Mike Lester

Personal information
- Full name: Michael John Anthony Lester
- Date of birth: 4 August 1954 (age 71)
- Place of birth: Manchester, England
- Height: 5 ft 10 in (1.78 m)
- Position: Midfielder

Senior career*
- Years: Team / Apps / (Gls)
- 1972–1974: Oldham Athletic / 27 / (2)
- 1974–1977: Manchester City / 2 / (0)
- 1975–1976: → Stockport County (loan) / 9 / (1)
- 1977: Washington Diplomats / 24 / (1)
- 1977–1979: Grimsby Town / 48 / (10)
- 1979–1981: Barnsley / 64 / (11)
- 1981–1982: Exeter City / 19 / (6)
- 1982–1983: Bradford City / 49 / (2)
- 1983–1986: Scunthorpe United / 106 / (9)
- 1985–1986: → Hartlepool United (loan) / 11 / (1)
- 1986–1987: Stockport County / 11 / (0)
- 1987: Ludvika FK
- 1987–1988: Blackpool / 11 / (1)
- 1988–1990: Chorley
- Total:  / 381 / (44)

= Mike Lester (footballer) =

English footballer

Michael John Anthony Lester (born 4 August 1954) is an English former professional footballer who played as a defender/midfielder. He made 381 appearances most at Scunthorpe from 1983 to 1986 with 106 appearances.

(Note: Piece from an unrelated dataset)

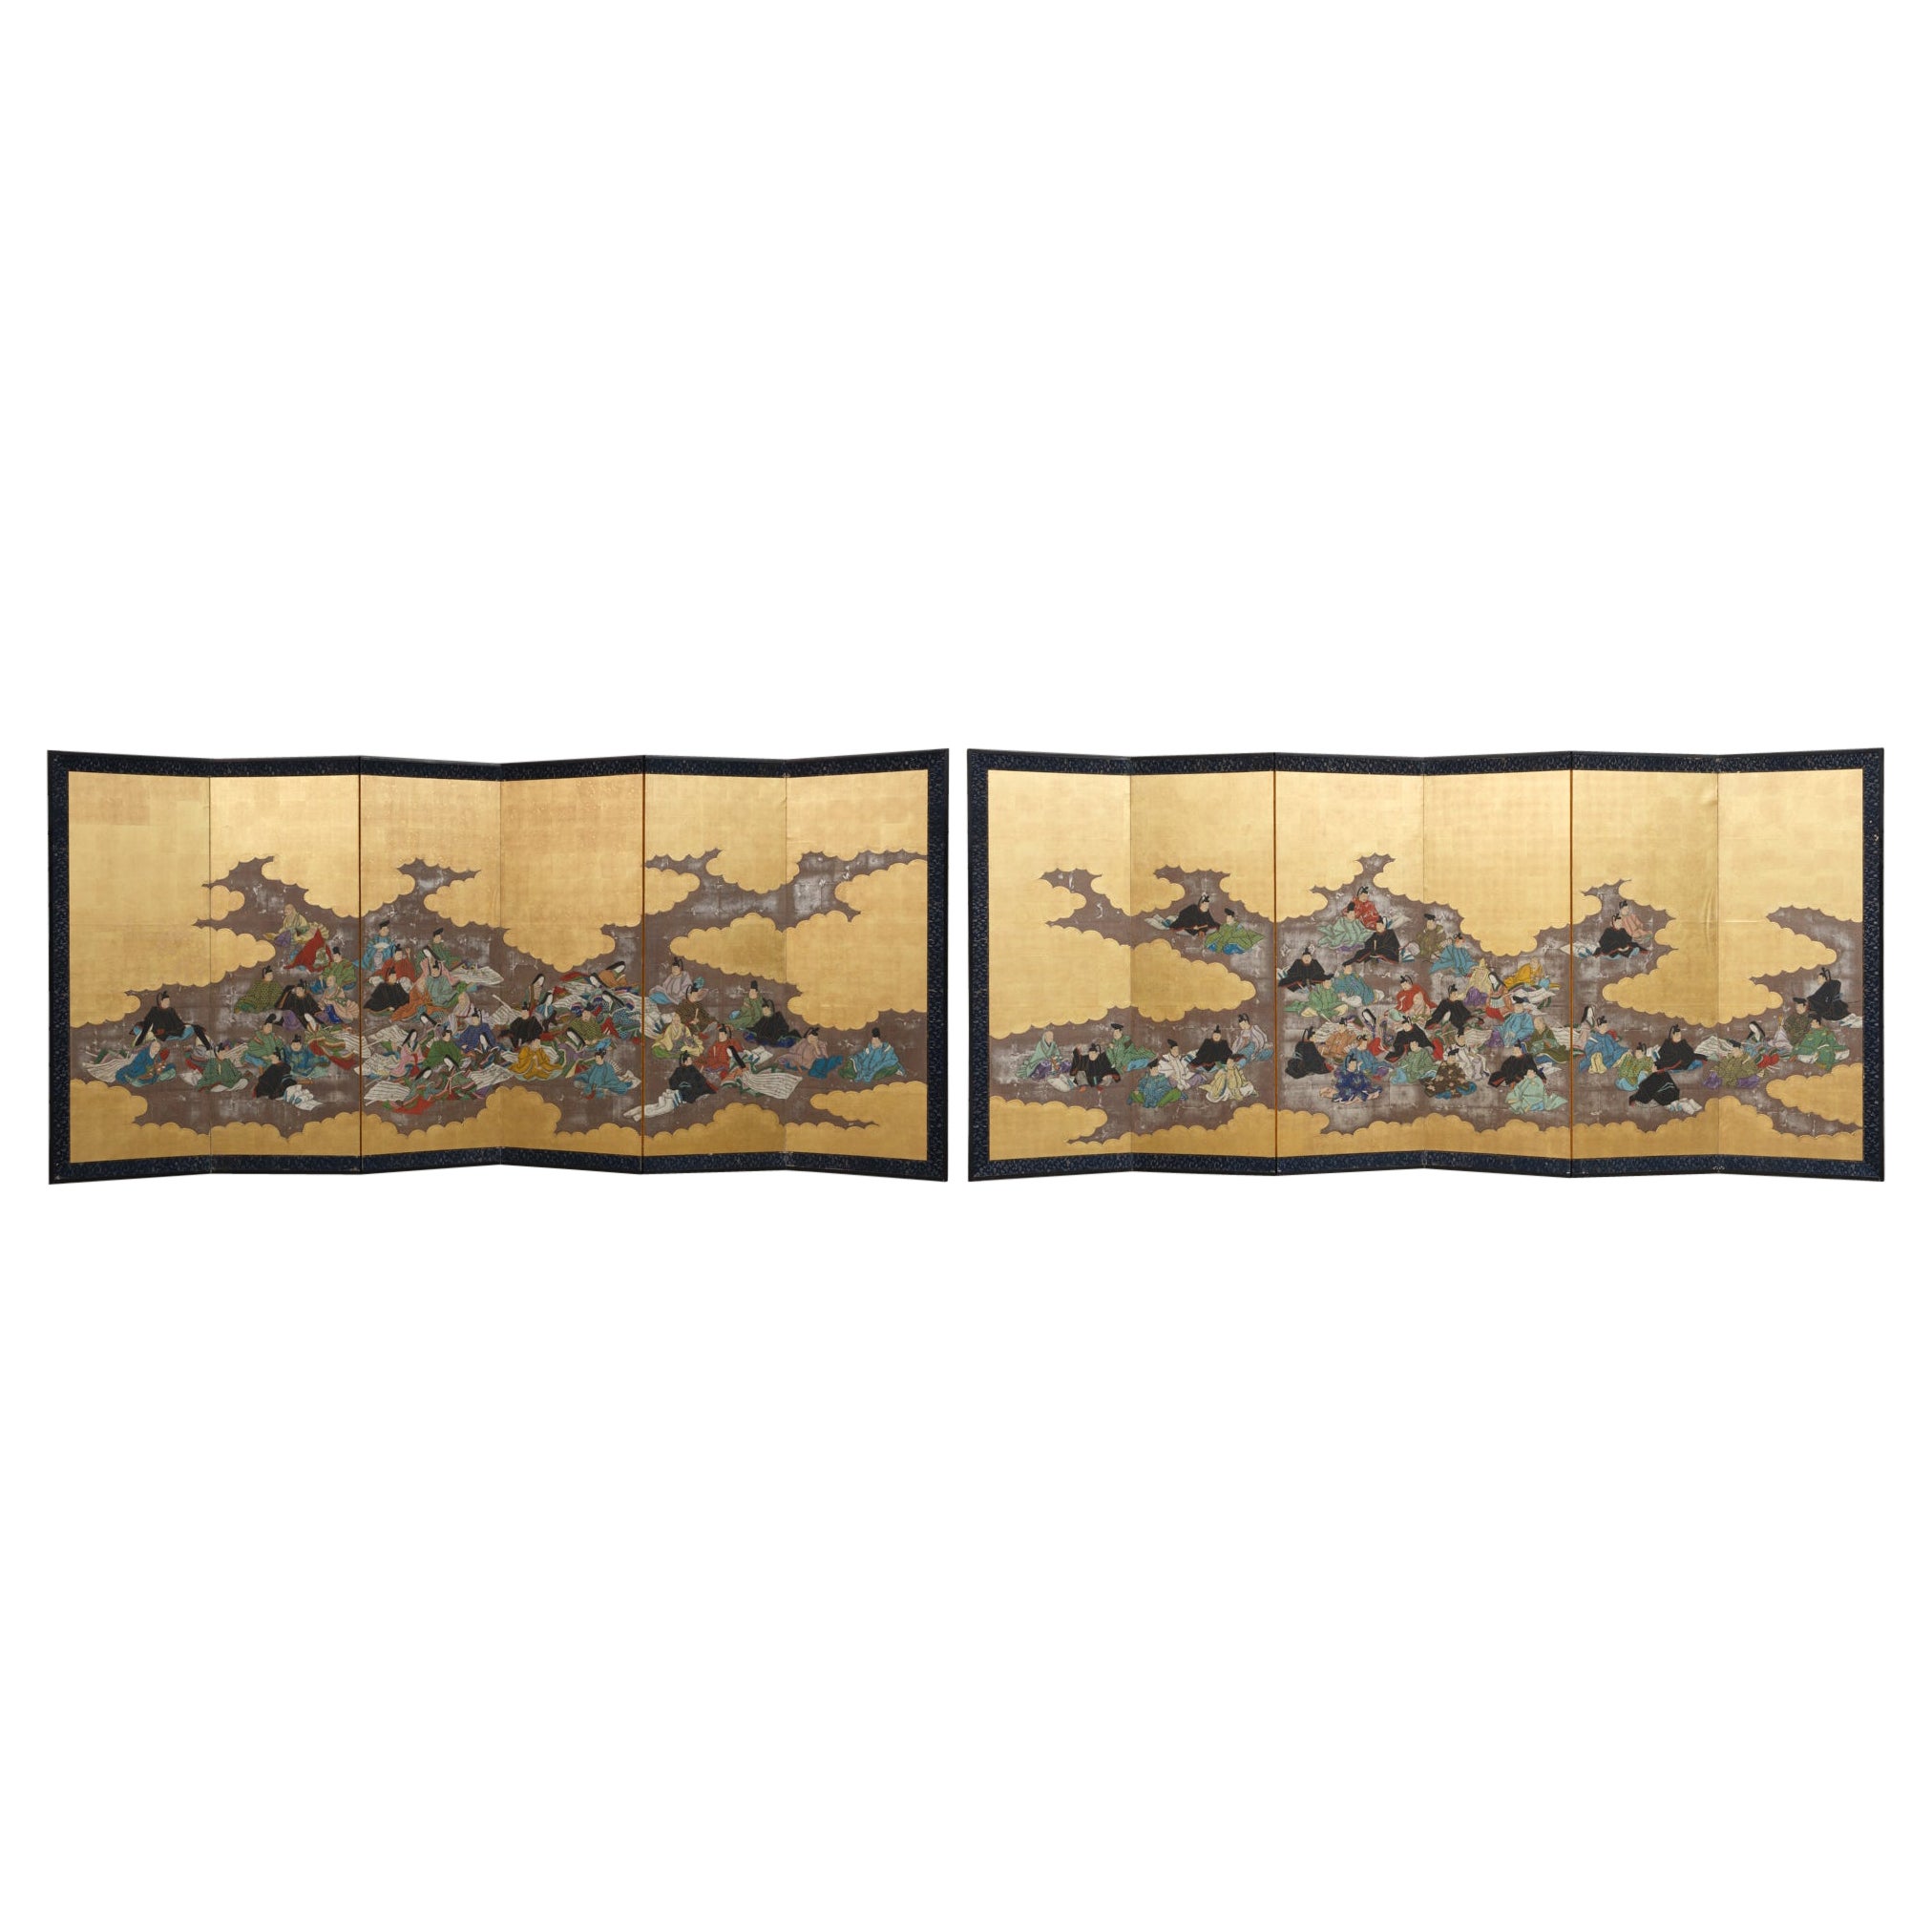 Pair of Japanese folding screens (byôbu) of poets from ‘Hyakunin isshu’ 百人一首

Lester played in the North American Soccer League with the Washington Diplomats, and was involved in an altercation with Pelé during his last appearance for the New York Cosmos in Washington.

He signed for Mossley in December 1989 and retired at the end of the season having made 24 appearances.

Later became assistant manager of Runcorn and then manager of Chadderton, Atherton Laburnum Rovers, Rochdale Town and Oldham Borough.